The company is pushing to change make its products fun and safe for children, Pavni Diwanji, Google vice president of engineering, said last week in a USA Today interview.
Though Google didn’t offer a timetable for the new initiative, which reportedly will begin next year, it indicated it will be a full-time effort that follows in the same vein as its other recent children-focused efforts, including Made w/Code, which last week began lighting up holiday trees on display in Washington, D.C.
Not the First Time
“All of the big networks are looking at how to address young people and preteens who are using the network and lying about their age,” said Parry Aftab, a privacy lawyer and executive director of WiredSafety.
“There may be a profit motive for the companies, but it’s become a real problem,” she told the E-Commerce Times.

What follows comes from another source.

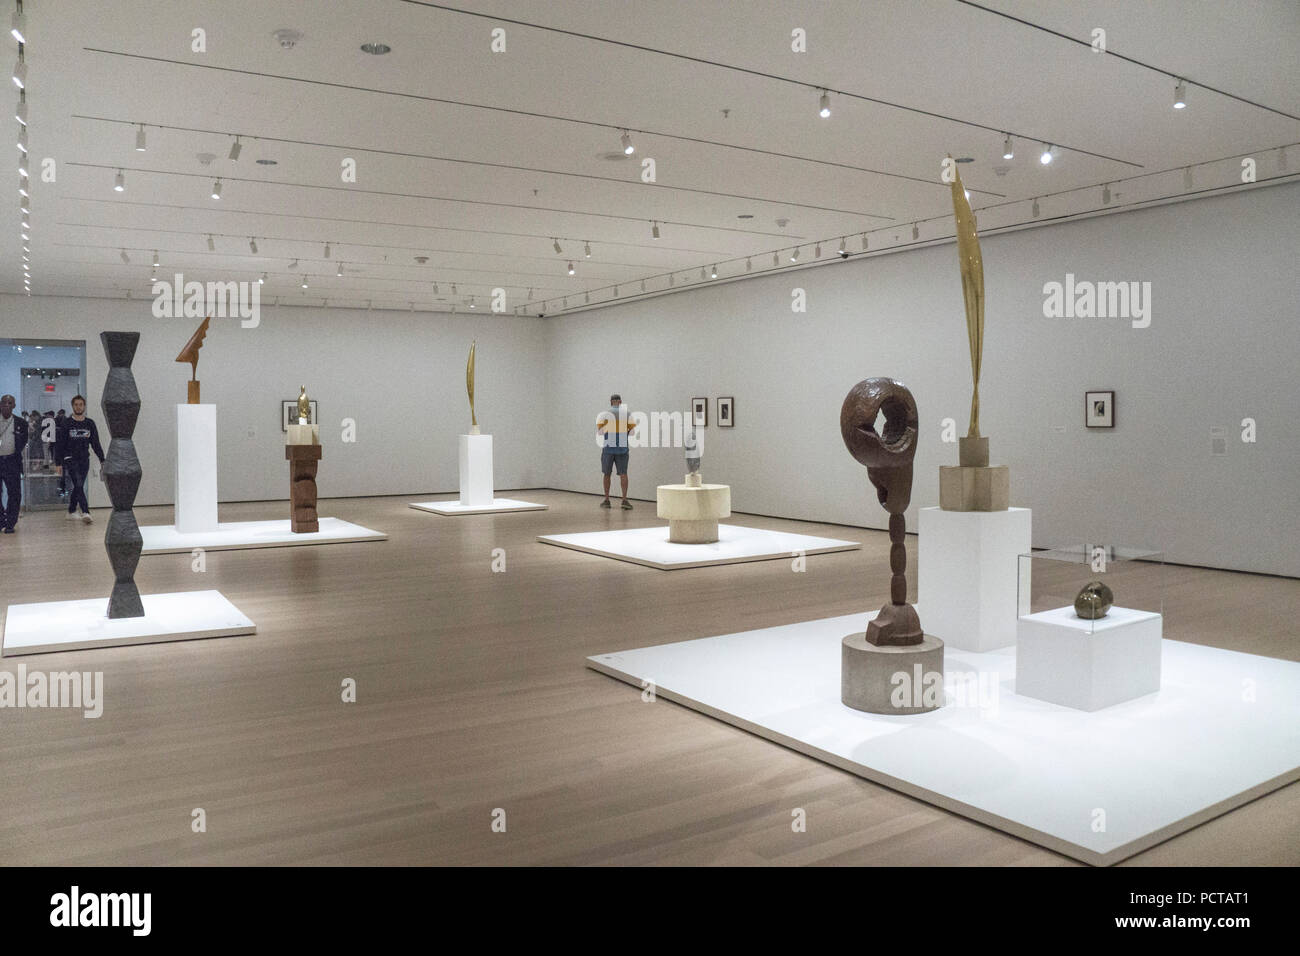 L'installation de petite exposition Constantin Brancusi sculpture Museum d'Art Moderne de New York a organisé à partir de la MoMA Brancusi holdings 18 févr. 2019 fermer Banque D'Images

It took just three weeks or so after the passage of the Children’s Online Privacy Protection Act (COPPA) for kids to realize that “all they had to do was lie and say they were 13” in order to use the major social networks, Aftab recalled. “None of the lawyers understood COPPA, but kids understood what it meant in three weeks.”
Google’s move “is realistic and good for kids,” she said. “I think it’s good they’re doing it. We’ve got to keep them safe, and it’s not like we’re letting them in for the first time — it’s just the first time when they’re not lying about their age.”
They’re Online Anyway
With the current state of affairs, parents may give their permission for kids under 12 to use social networks, but unless sites like Google are set up for COPPA compliance — and Google is not — “that’s no better than parents saying their child can drive at the age of 12,” Aftab remarked. “It’s a problem everyone in the industry is trying to face.”
In general, companies want to be able to target preteens with content appropriate to them, she said.
“I have no problem with Google or anyone else doing this,” continued Aftab, “if a) they know what they’re doing; and b) they’re doing it with child safety and appropriate content in mind.”
The reality of the world today is that kids are online anyway, Aftab observed. “We have to make them safe, and we can’t do that unless we know how old they are.”
Organizations like the Center for Digital Democracy already have told Google that “to develop special safeguards if they want to target kids 12 and under,” said Jeff Chester, executive director.
“We want Google and Facebook to understand that in addition to protecting child privacy, they also have to protect kids from unfair marketing,” he told the E-Commerce Times.
Junk food advertising is a prime example of marketing that could be bad for kids, he pointed out.
The Next Generation
Google is “trying to develop the next generation of users,” said Greg Sterling, vice president of strategy for the Local Search Association.
“That’s not entirely the company’s motivation, but that would be a potentially significant benefit of this initiative,” he told the E-Commerce Times.
“A parallel effort is their Chromebooks in the schools push,” Sterling noted, “which is paying dividends for them now.”